4

The data looks like this :

There is stuff here (word, word number phrases)
(word number anything, word phrases), even more
...

There is a lot of them in different files. There is different kind of data too, all around it that isn't in the same format. The data inside the paratheses can't change, and it's always on the same line. I do not have to deal with:

(stuff number,
maybe more here)

I would like to be able to replace the comma with a colon

Desired output would be

There is stuff here (word: word number phrases)
(word number anything: word phrases), even more
...

5 Answers5

5

Assuming there's only one comma to be replaced inside parentheses, this POSIX BRE sed expression will replace it with colon:

sed 's/(\(.*\),\(.*\))/(\1:\2)/g' file

If there are more than one comma, only the last one will be replaced.

In multiple-commas scenario, you can replace only the first one with:

sed 's/(\([^,]*\),\([^)]*\))/(\1:\2)/g' file
randomir
  • 17,989
  • 1
  • 40
  • 55
5

Here's a version for awk that uses the parentheses as record separators:

awk -v RS='[()]' 'NR%2 == 0 {sub(/,/,":")} {printf "%s%s", $0, RT}' file

The stuff between parentheses will be every even-numbered record. The RT variable holds the character that matched the RS pattern for this record.

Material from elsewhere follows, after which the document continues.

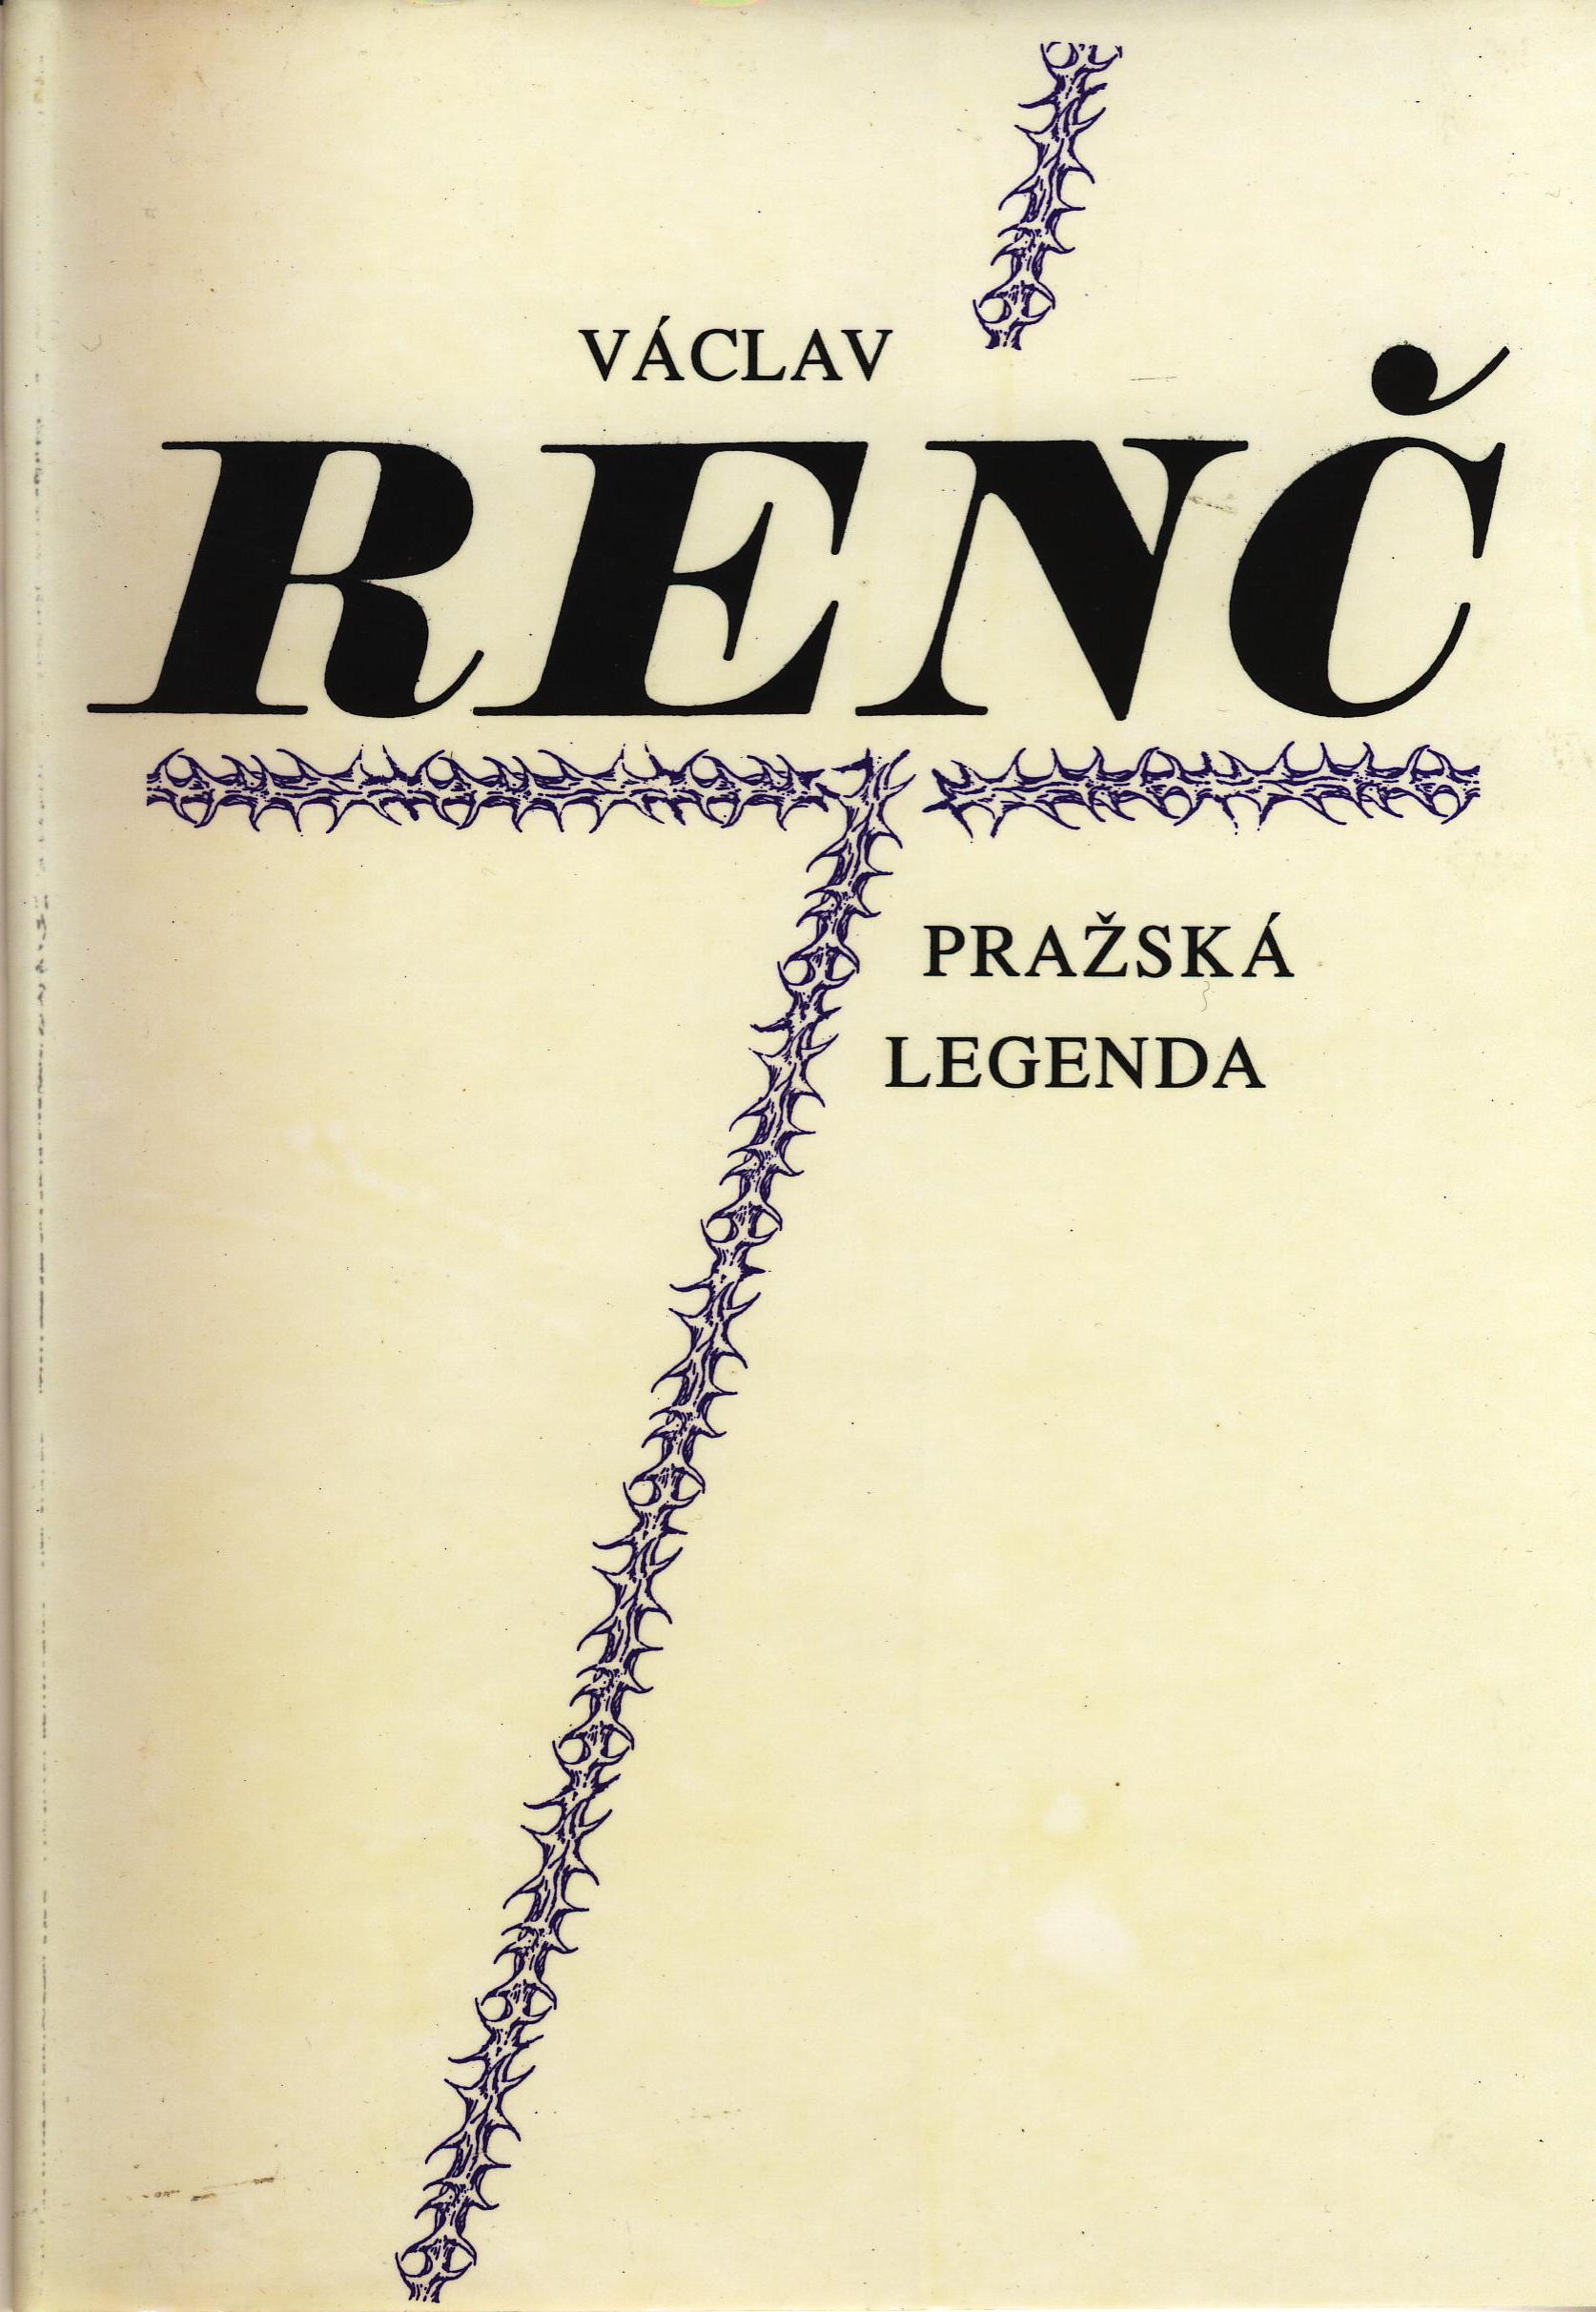 prazska-legenda-titulni-strana

Note that this only replace the first comma of the parenthesized text. If you want to replace all, use gsub in place of sub

glenn jackman
  • 238,783
  • 38
  • 220
  • 352
2

While @randomir's sed solution dwells on replacing a single comma inside parentheses, there is a way to replace multiple commas inside parentheses with sed, too.

Here is the code:

sed '/(/ {:a s/\(([^,()]*\),/\1:/; t a}'

or

sed '{:a;s/\(([^,()]*\),/\1:/;ta}'

or

sed -E '{:a;s/(\([^,()]*),/\1:/;ta}'

See an online demo.

In all cases, the main part is between the curly braces. Here are the details for the POSIX ERE (sed with -E option) pattern:

  • :a;
  • s/(\([^,()]*),/\1:/; - find and capture into Group 1
    • \( - a ( char
    • [^,()]* - zero or more chars other than ,, ( and ) (so, only those commas will be removed that are in between the closest ( and ) chars, not inside (..,.(...,.) - remove ( from the bracket expression to also match in the latter patterns)
    • \1: - and replace with the Group 1 contents + a colon after it
  • ta - loop to :a if there was a match at the preceding iteration.
Wiktor Stribiżew
  • 607,720
  • 39
  • 448
  • 563
1

Using awk

$ awk -v FS="" -v OFS="" '{ c=0; for(i=1; i<=NF; i++){ if( $i=="(" || $i ==")" ) c=1-c; if(c==1 && $i==",") $i=":" } }1' file
There is stuff here (word: word number phrases)
(word number anything: word phrases), even more

-v FS="" -v OFS="" Set FS to null so that each char is treated as a field.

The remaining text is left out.